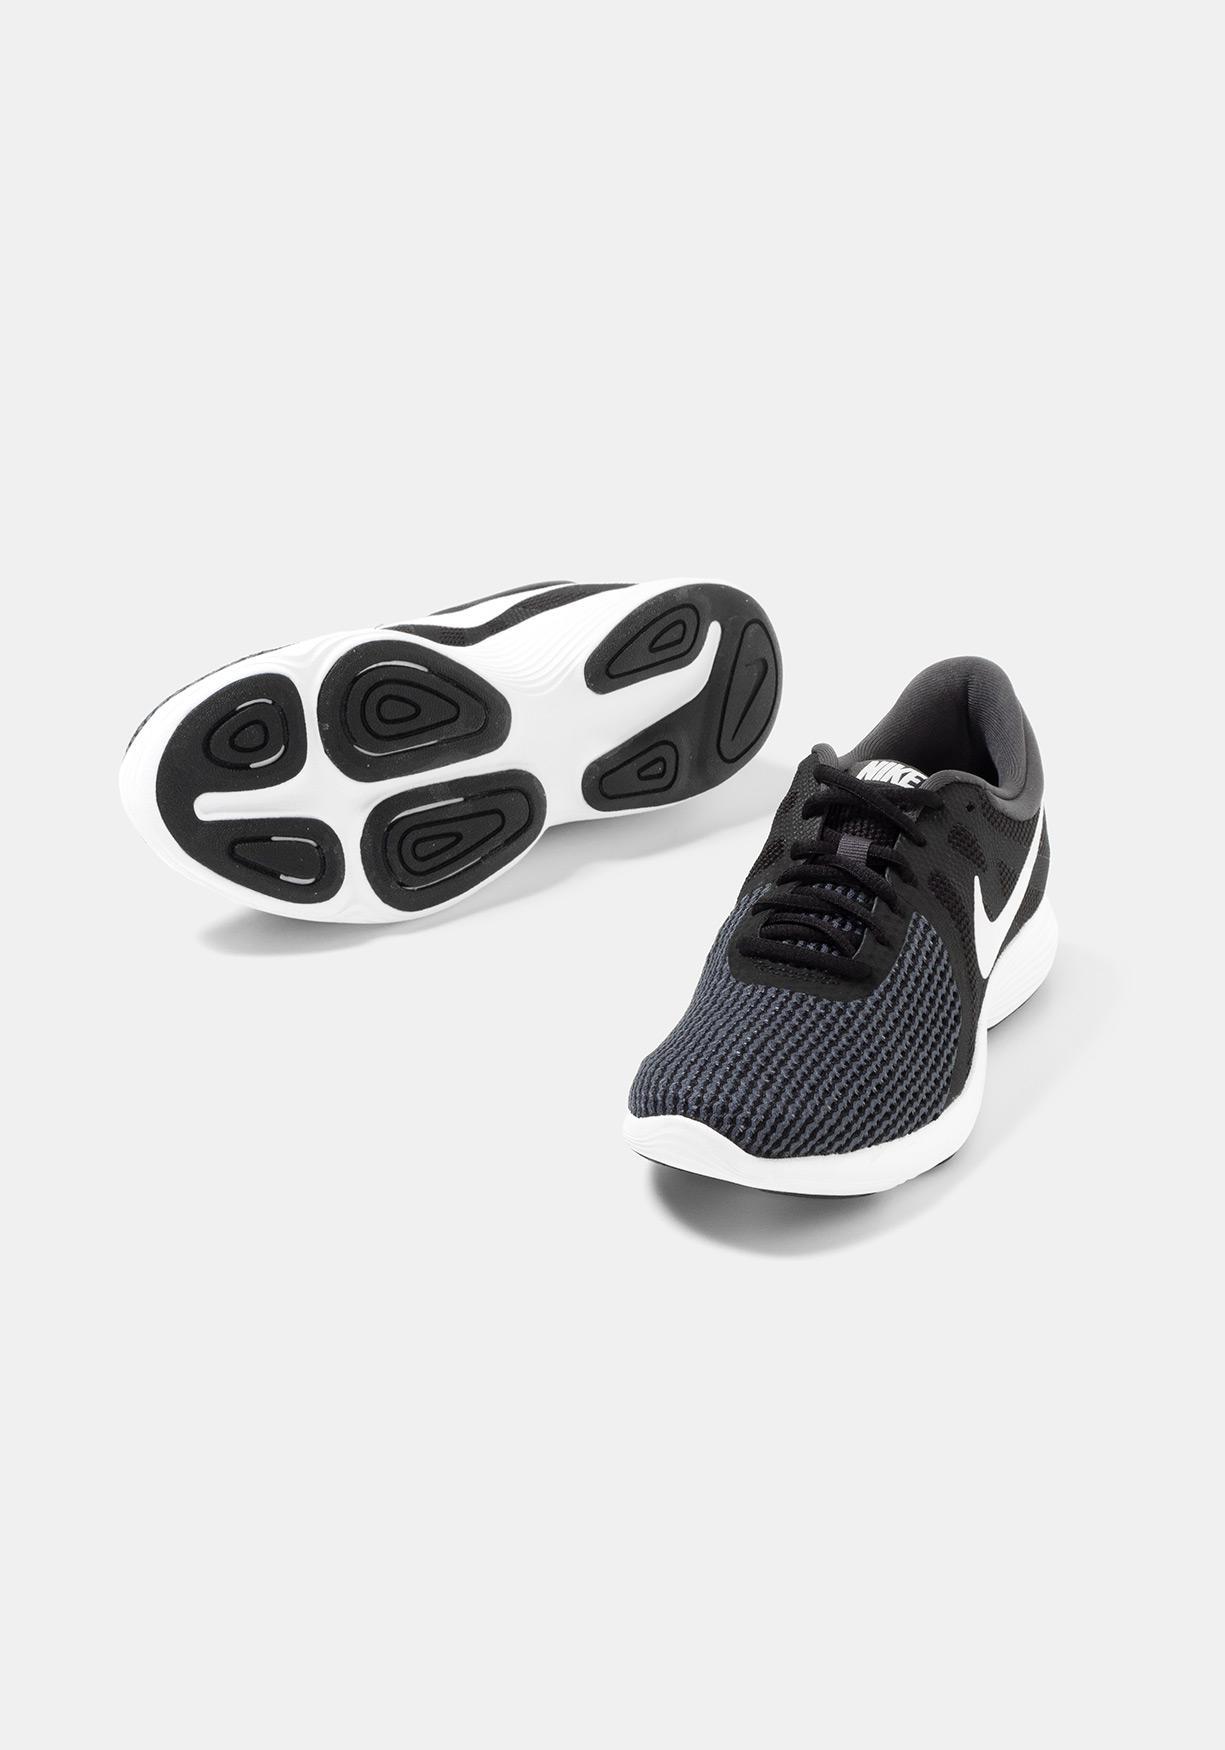 de calidad superior último orden zapatillas lona carrefour
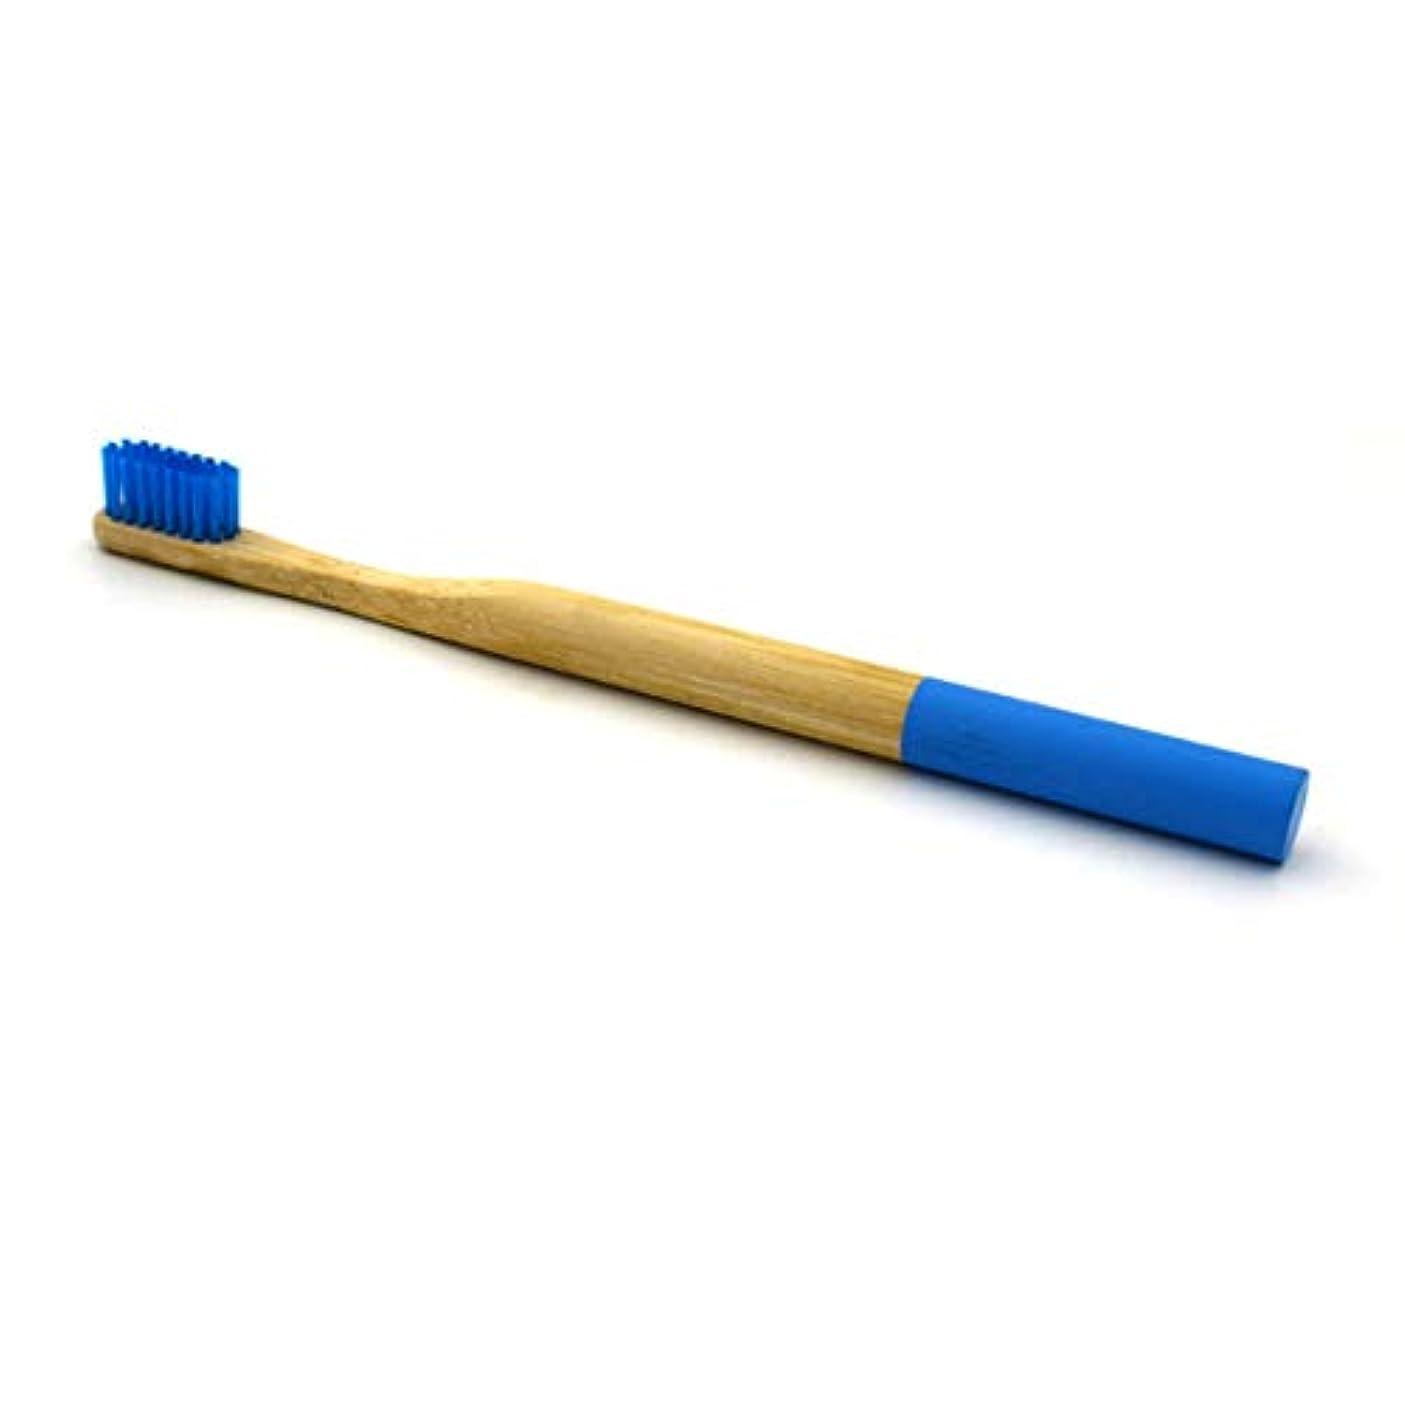 過敏な墓地シーンSUPVOX 柔らかい毛の丸いハンドル付きの天然竹歯ブラシ
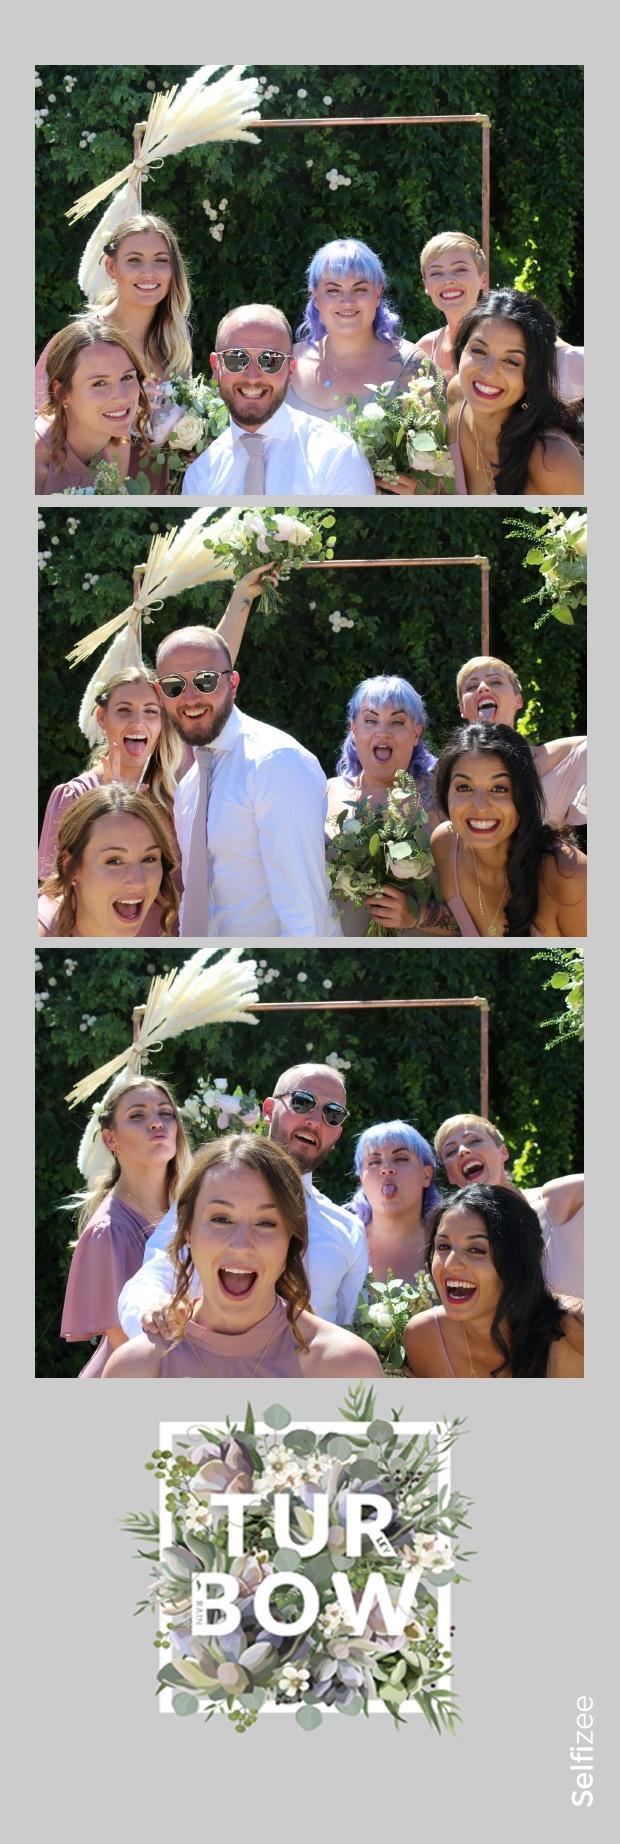 Séance selfies mariage Bordeaux avec photos personnalisées et impressions - photobooth à louer pour mariage ou fête à Bordeaux en Gironde

▶ **Exercise**: Restate the whole listing exactly as written, minus the pictures.

▶ **Exercise response**:
 de calidad superior último orden zapatillas lona carrefour
 過敏な墓地シーンSUPVOX 柔らかい毛の丸いハンドル付きの天然竹歯ブラシ
 Séance selfies mariage Bordeaux avec photos personnalisées et impressions - photobooth à louer pour mariage ou fête à Bordeaux en Gironde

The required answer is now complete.